Go check it out so you too can see how people who have conflicting interests yet contractual relationships can find themselves on the brink of war.

  1. yankeessuckameanone - May 29, 2014 at 1:23 PM

    Why don’t these cry babies just build higher stands to see over obstacles to view the field.

    • mreezybreezy - May 29, 2014 at 2:15 PM

      Article 6.1 of this contract actually makes this seem like it’s a possible avenue to explore. There are more than likely laws that prohibit building that high, but what’s to say they couldn’t rewrite the law so that Ald. Tunney and his merry band of leeches couldn’t build higher and allow the Cubs to build a new stadium? Everyone wins.

  2. jerze2387 - May 29, 2014 at 1:58 PM

    If the rooftop owners were pocketing all the profits, id say the cubs havd a right to shut them out. BUT, since the cubs have been taking a cut, and also have a contract, they should have to honor it just as much as the rooftop owners had to honor giving a cut. Theyve paid their part, now the Cubs have to hold up their end.

  3. jm91rs - May 29, 2014 at 2:21 PM

    I’ve always found this arrangement odd, but just seeing the picture posted here makes me think the cubs could fork over some money to make at least some of these stands / buildings taller (as long as the structure beneath it could handle that) to see over the new boards they’re putting up.

  4. IsThird - May 29, 2014 at 2:28 PM

    The last sentence on 6.6 seems to be cut and dry in the Cubs favor.

  5. 4cornersfan - May 29, 2014 at 2:49 PM

    Under sections 5 and 6 it is pretty clear that if the Cubs want to renovate the way they want they are going to have to buy out the remainder of the contract.

  6. 18thstreet - May 29, 2014 at 3:35 PM

    Can a knowledgeable person answer a few nonsarcastic questions for me?

    (1) Who gets to sit in those rooftop seats? Are they available to the general public, or do you have to have a friend who lives in the building get you access?

    (2) If they’re available to the public, how much do they cost?

    (3) Why would someone prefer to sit in seats that far from the field when seats inside Wrigley Field are (in my opinion) pretty reasonably prices?

    • hk62 - May 29, 2014 at 3:46 PM

      http://www.wrigleyrooftops.com or http://www.beyondtheivy.com

      Go there – to get the answers, and as a baseball fan with a long standing dislike for the Cubs, you’d have to pay me to watch a game from one of those roof tops.

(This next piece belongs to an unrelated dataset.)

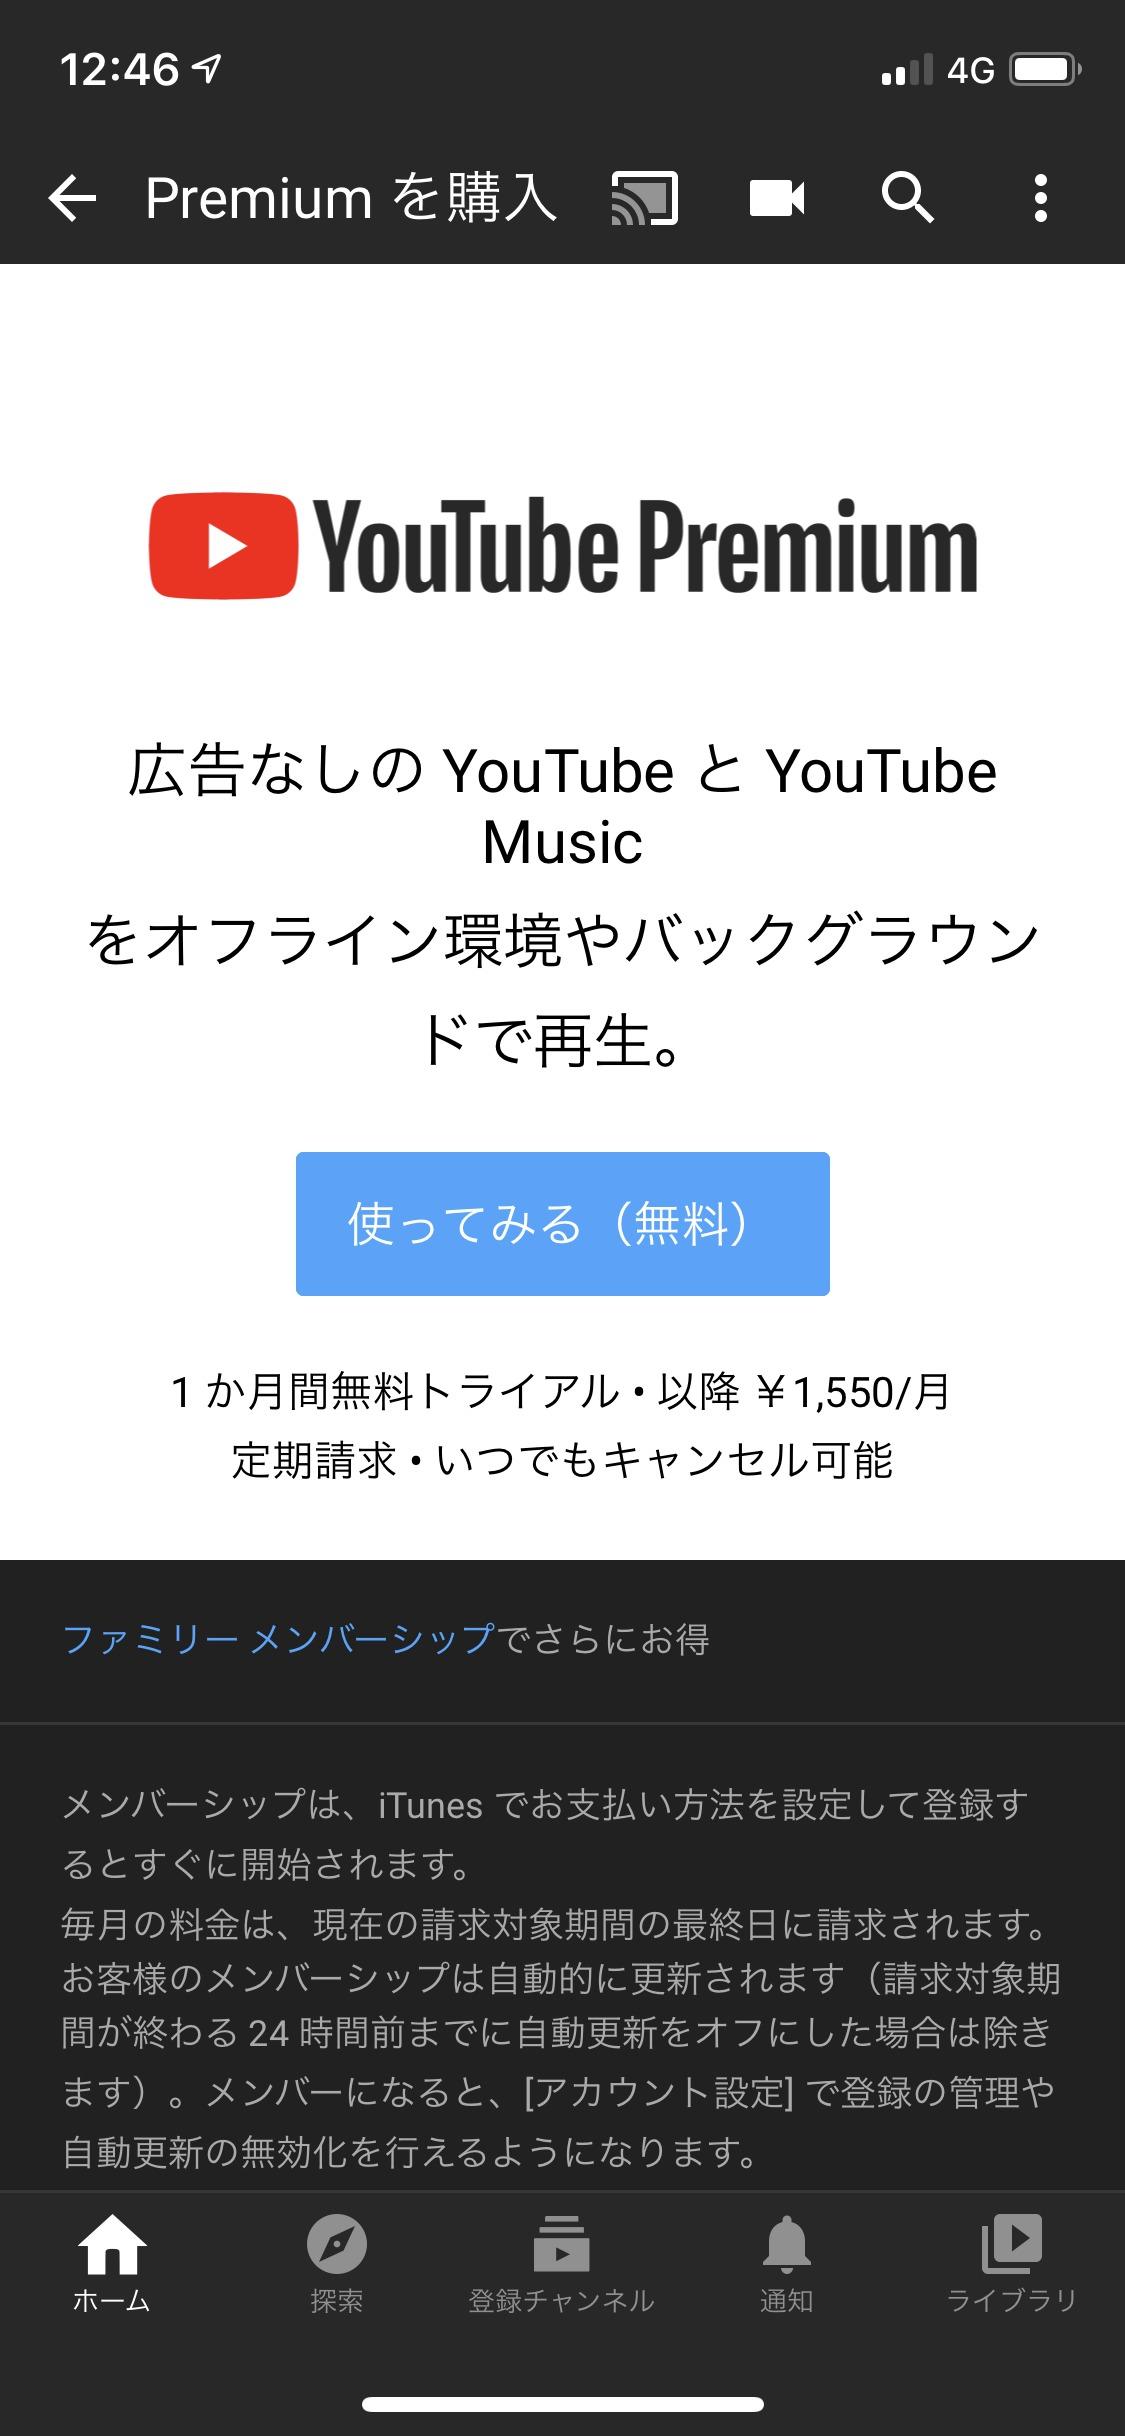 出典:ios版YouTubeアプリ

In the park, different story.

    • raysfan1 - May 29, 2014 at 4:33 PM

      http://www.wrigleyrooftops.com

      The website has ticket prices and tries to explain why someone might prefer that to being inside the park. Not me though.

    • DJ MC - May 29, 2014 at 6:09 PM

      Originally, it was a neighborhood thing. You would literally go up there with a folding chair and a cooler and watch the game just like you might watch a sunset from your building roof anywhere else.

      Then, like so much about Wrigley Field, once it became part of the popular culture it become something where the public wanted to get up there, and the building owners started first charging, then later building special facilities for watching the games.

      Now you can buy tickets, and I believe some areas are rented out like most ballparks rent suites.

    • jlovenotjlo - May 30, 2014 at 7:18 AM

      It’s more of a party than anything. The rooftop ticket generally includes an all you can eat and drink special to go with it, and any good Midwesterner loves an all you can eat buffet.

      • 18thstreet - May 30, 2014 at 9:01 AM

        How much does it cost? I mean, at Camden Yards (where there is good food), I could eat a lot of good food for, say, $60 plus $20 worth of beer. Now, I’m a skinny guy, so let’s say that any good Midwestern would spend $100 on the food.

        The seats themselves are worse than the seats at the park. I don’t get it.

  7. hk62 - May 29, 2014 at 3:52 PM

    4.3.c combined with 6.6 – Cubs Win, but they get 50% of their Royalty payments back (from point the contract started) – Cubs have to get the work done in 8 years from start date though, that might be an issue.

  8. RoyHobbs39 - May 30, 2014 at 8:58 AM

    If there are that many people taking in that view, why don’t they sell some ad space above the stands on top of the roof?